• **Entries shown**
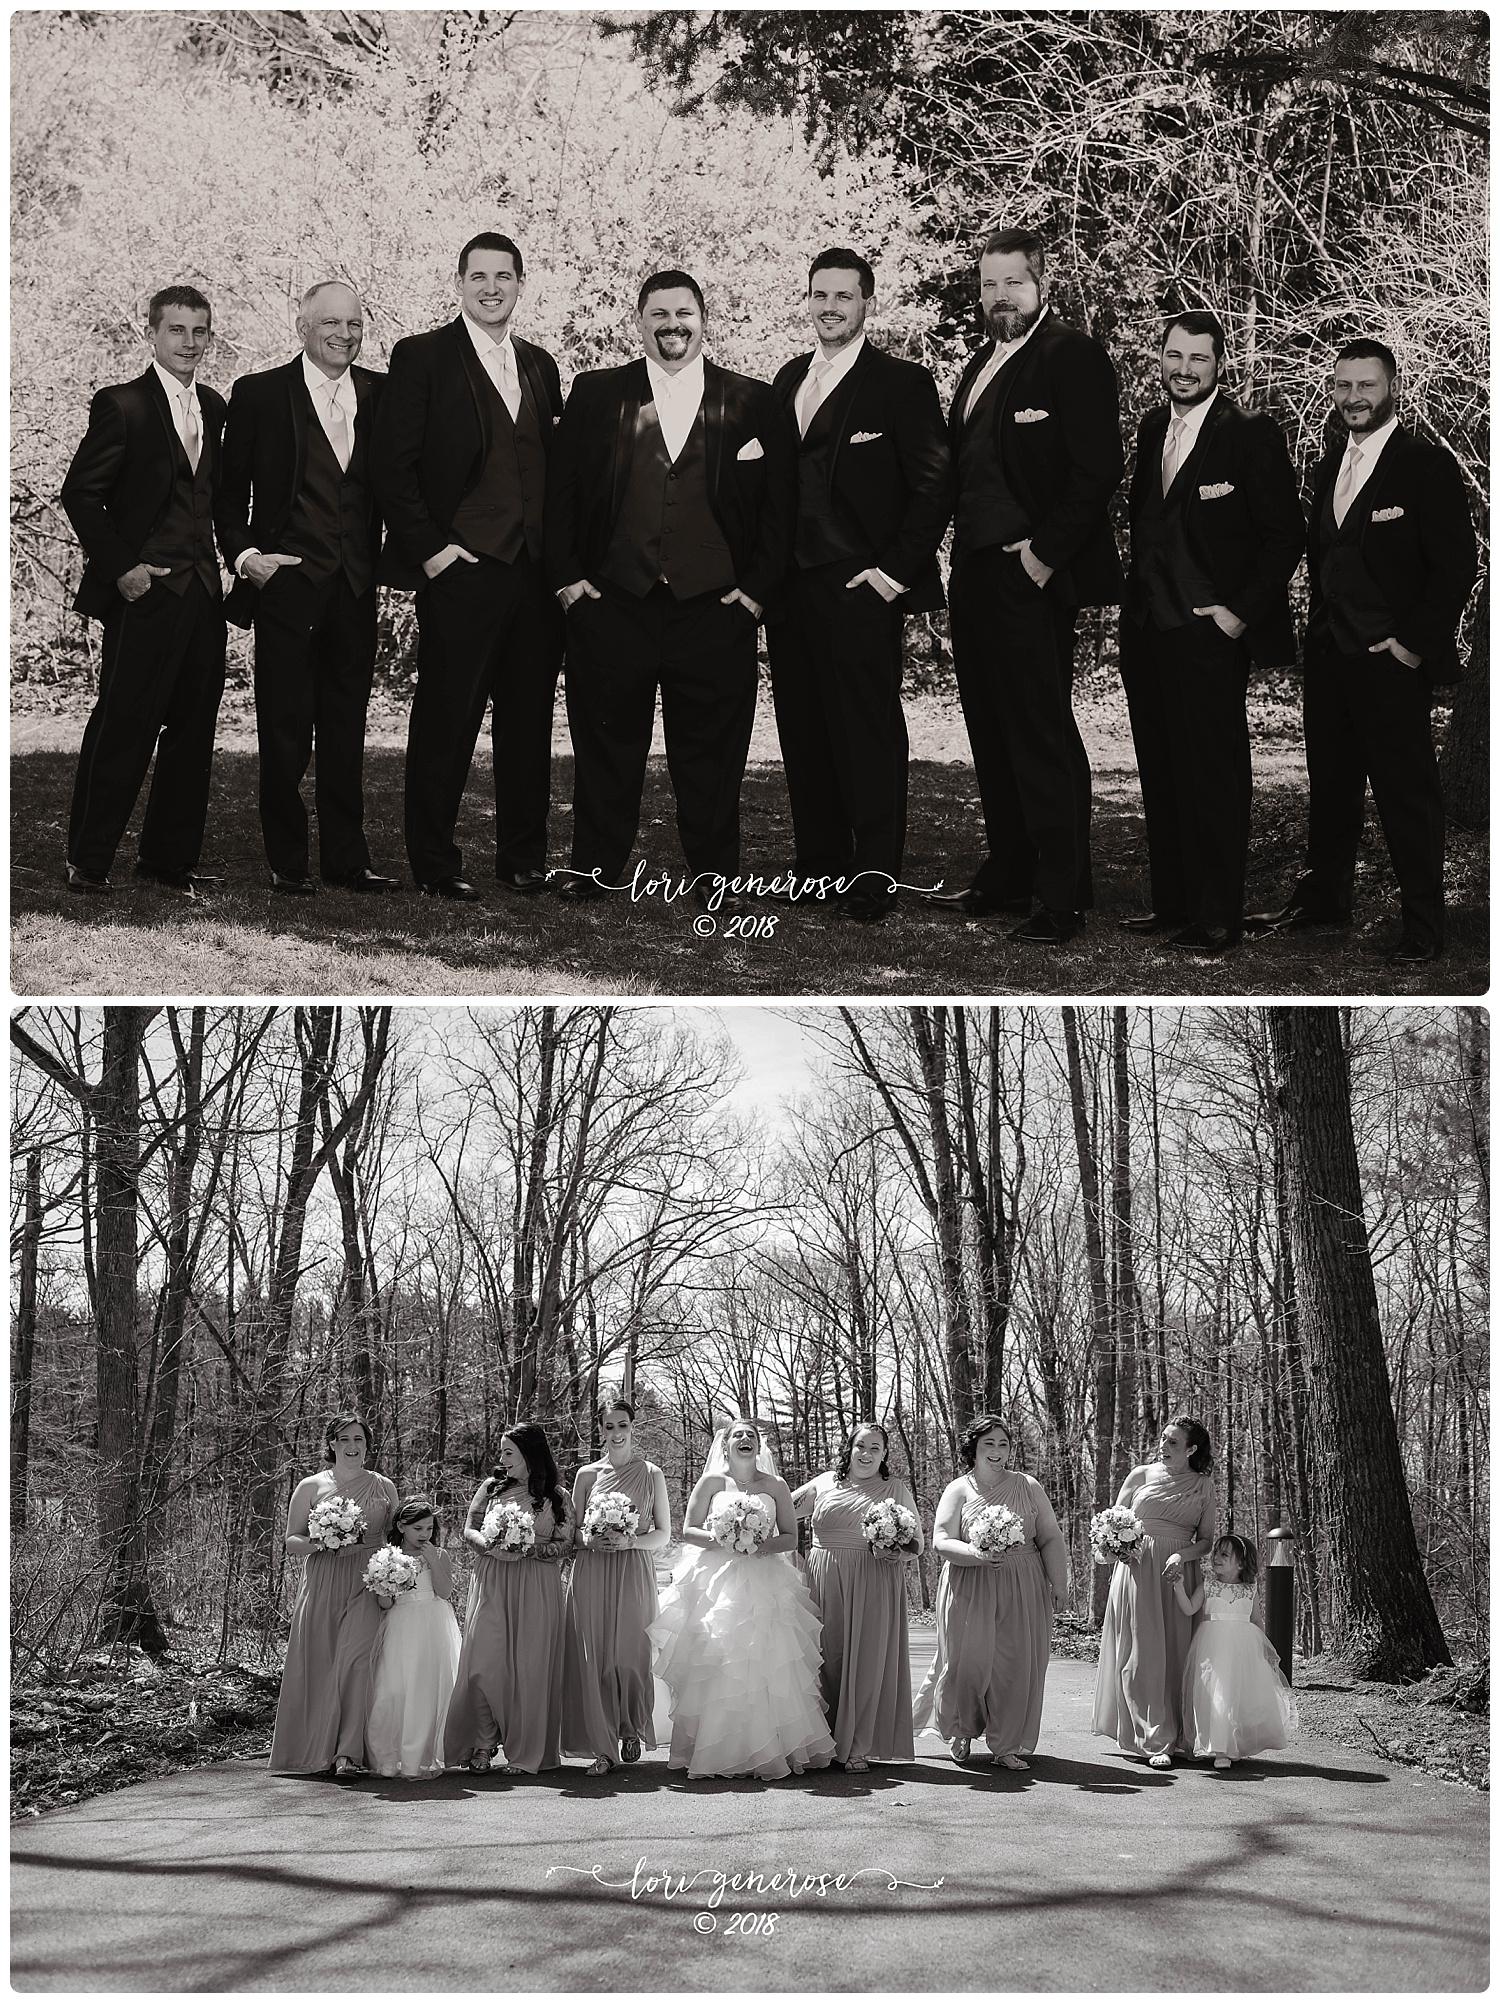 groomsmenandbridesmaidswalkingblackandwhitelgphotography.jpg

...

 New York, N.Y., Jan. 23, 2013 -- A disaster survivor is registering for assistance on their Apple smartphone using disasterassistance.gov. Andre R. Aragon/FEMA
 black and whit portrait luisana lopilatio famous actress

• **Exercise requirements**
From the listing above, output exactly the run of lines that starts with the line containing "New York, N.Y., Jan." and ends with the line containing "black and whit".

• **Problem solution**
 New York, N.Y., Jan. 23, 2013 -- A disaster survivor is registering for assistance on their Apple smartphone using disasterassistance.gov. Andre R. Aragon/FEMA
 black and whit portrait luisana lopilatio famous actress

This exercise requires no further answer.